Materials and Methods

Data Acquisition and Image Processing

A total of 120 sets of CT-CBCT image pairs used for training and prediction were obtained from 120 different patients. All image data selected in this experiment were 3D volume data of cervical cancer patients undergoing Volumetric Modulated Arc Therapy (VMAT). Among them, 100 cases were used for fivefold cross-validation to train the model, and the other 20 cases were used for testing. The CT images used in the entire process were obtained in the simulation stage, and the CBCT images were obtained by the patients after one week of treatment. CT images were acquired via an Optima CT520 device produced by GE Corporation (United States). Scanning conditions were as follows: tube voltage 120 kV, tube current 220 mA, image size 512×512×(102–119), and voxel spacing 0.9765×0.9765×3mm³. CBCT was equipped for an infinity linear accelerator, which was produced by Elekta Corporation (Sweden), was used to scan patients who had already accepted treatment for one week. Scanning conditions were as follows: tube voltage 120 kV, tube current 20 mA, image size 410×410×(50–76), and voxel spacing 1×1×5 mm³. CycleGAN input did not need two-group data with one-to-one registered voxel information. However, to improve the efficiency of operation, facilitate the training of the model, and reduce the interference of background voxel points outside the imaging area on image synthesis, we performed rigid registration based on bone landmarks on CT-CBCT image pairs to be input into the network. Before the model training, we also resampled the CT and CBCT images and preprocessed them with bicubic interpolation. Voxel spacing of preprocessed image data was unified as 1×1×1 mm³ and image size as 384×192×192. The minimum HU value of image data was unified as −1,000. For the convenience of GPU memory and acquiring refined image features, a complete 3D image was divided into 32×32×32 small image blocks in the experiment as input dimensions of the network model.

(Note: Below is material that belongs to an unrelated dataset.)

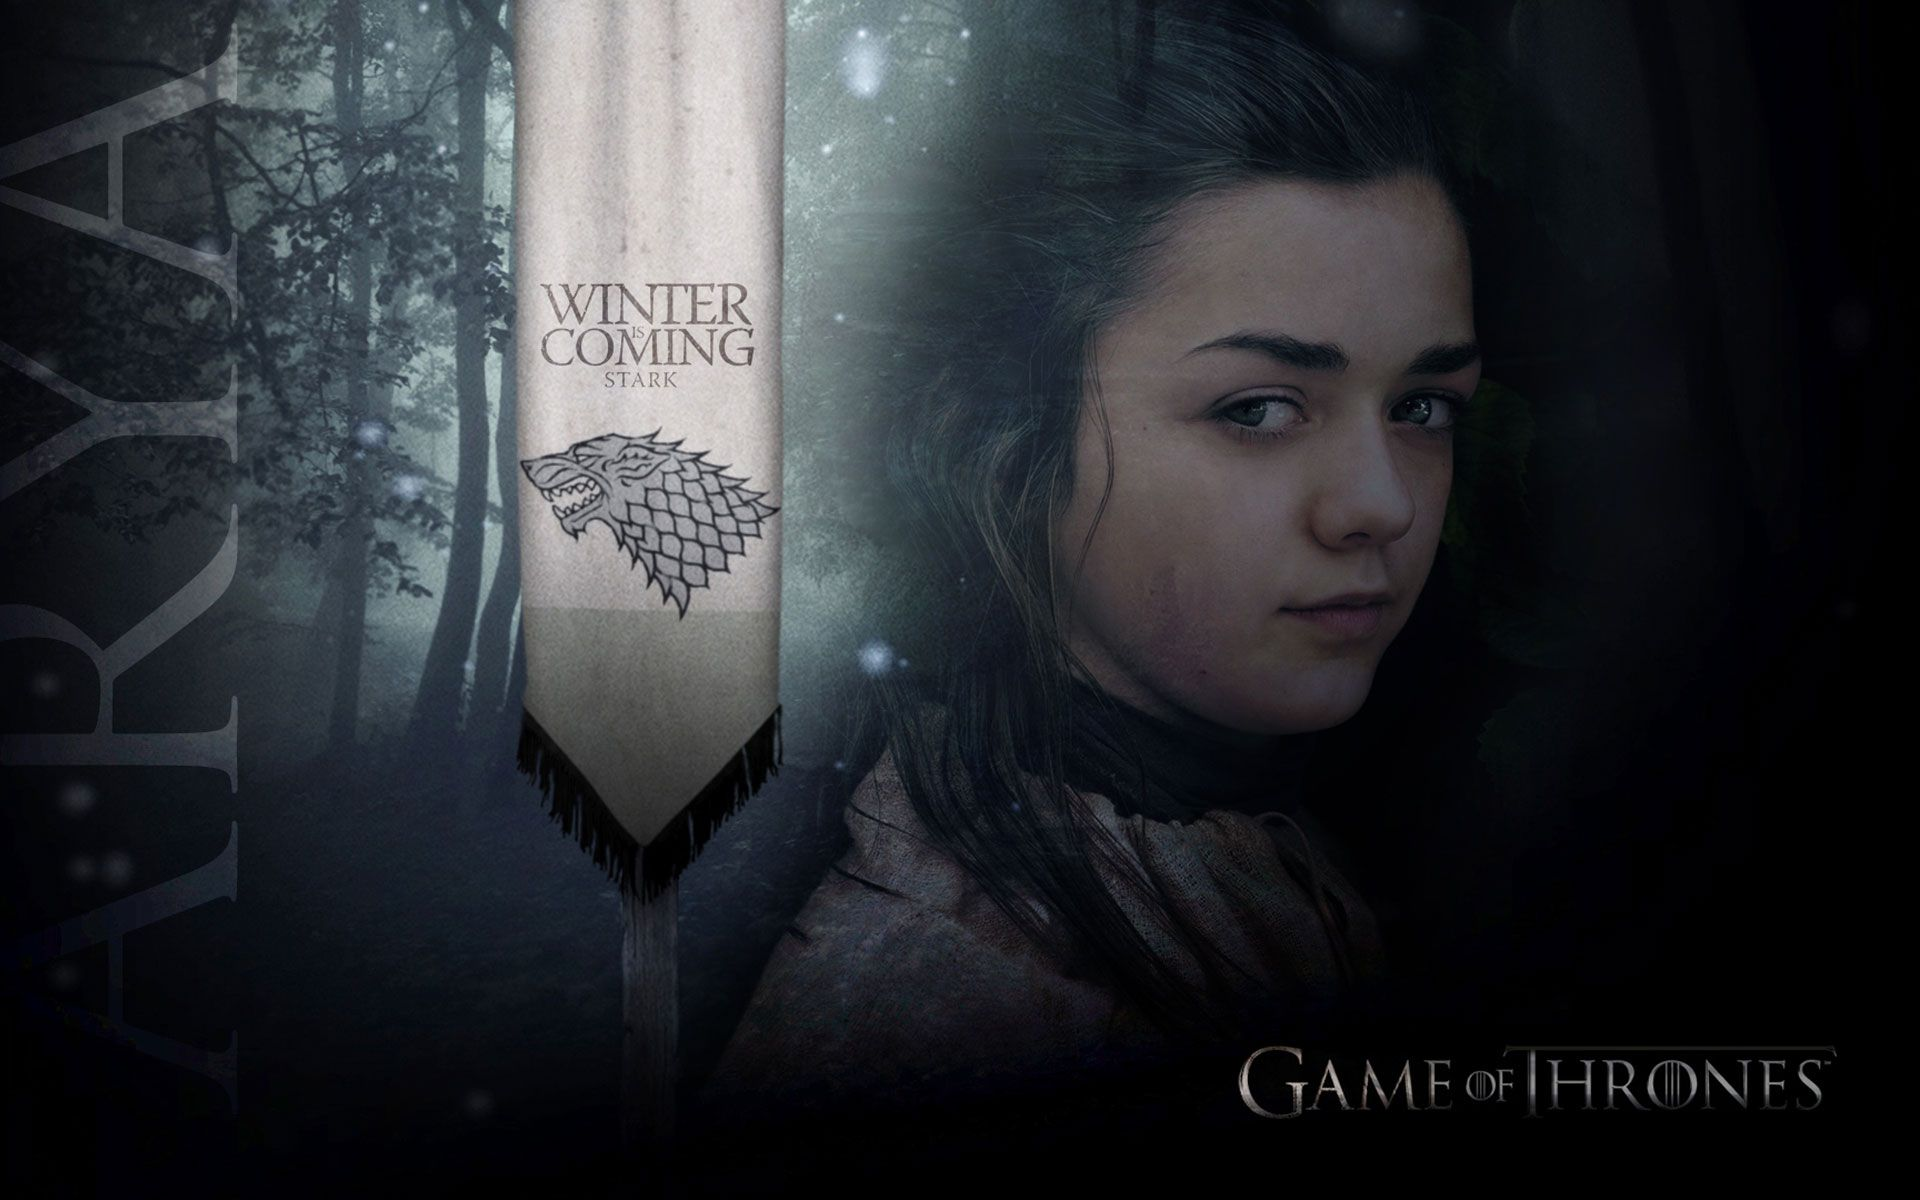 Game Of Thrones Wallpaper Arya Stark Game Of Thrones Arya Arya Stark Wallpaper Arya Stark

During the acquisition of the image blocks, step size was set as 16, and an overlapping area occurred between adjacent image blocks, thereby ensuring that all imaging content was distributed in the image blocks and loss of image information was avoided.

Pseudo-Computed Tomography Image Synthesis Based on 3D CycleGAN

The traditional GAN is unidirectional. CycleGAN used in this experiment was a loop network consisting of one unidirectional CBCT→CT GAN and another unidirectional CT→CBCT GAN. The CycleGAN contained two discriminators, in which discriminators 1 and 2 were used to judge the authenticity of the CBCT and CT images, respectively. CycleGAN also included two generators that were each used to generate pseudo-CT and pseudo-CBCT images. By acquiring an input image from original domain A, this model transmitted the input image to the first generator in the form of voxel block, converted it into an image block in target domain B, and reconstructed a complete image. The generated image was also used as the input in the form of voxel block to be transmitted into the second generator, converted into an image block in original domain A, and reconstructed into an output image. This output image must be approximate to the original input image in gray level and anatomical structure. Here, the nonlinear mapping relationship between two unpaired image data is set. CBCT and CT images served as input images of the original domain to train two independent GAN networks. An association was established through the cycle consistency loss function to constitute a complete CycleGAN. Its overall network structure is shown in Figure 1.

FIGURE 1

Figure 1 Total network structure of CycleGAN. It is a ring network composed of a GAN from CBCT to CT synthesis direction and a GAN from CT to CBCT synthesis direction. CT_ps, pseudo CT obtained by generator1. CBCT_ps, pseudo CBCT obtained by generator2. CT_cyc, pseudo CT synthesized again through the cycle network. CBCT_cyc, pseudo CBCT synthesized again through the cycle network.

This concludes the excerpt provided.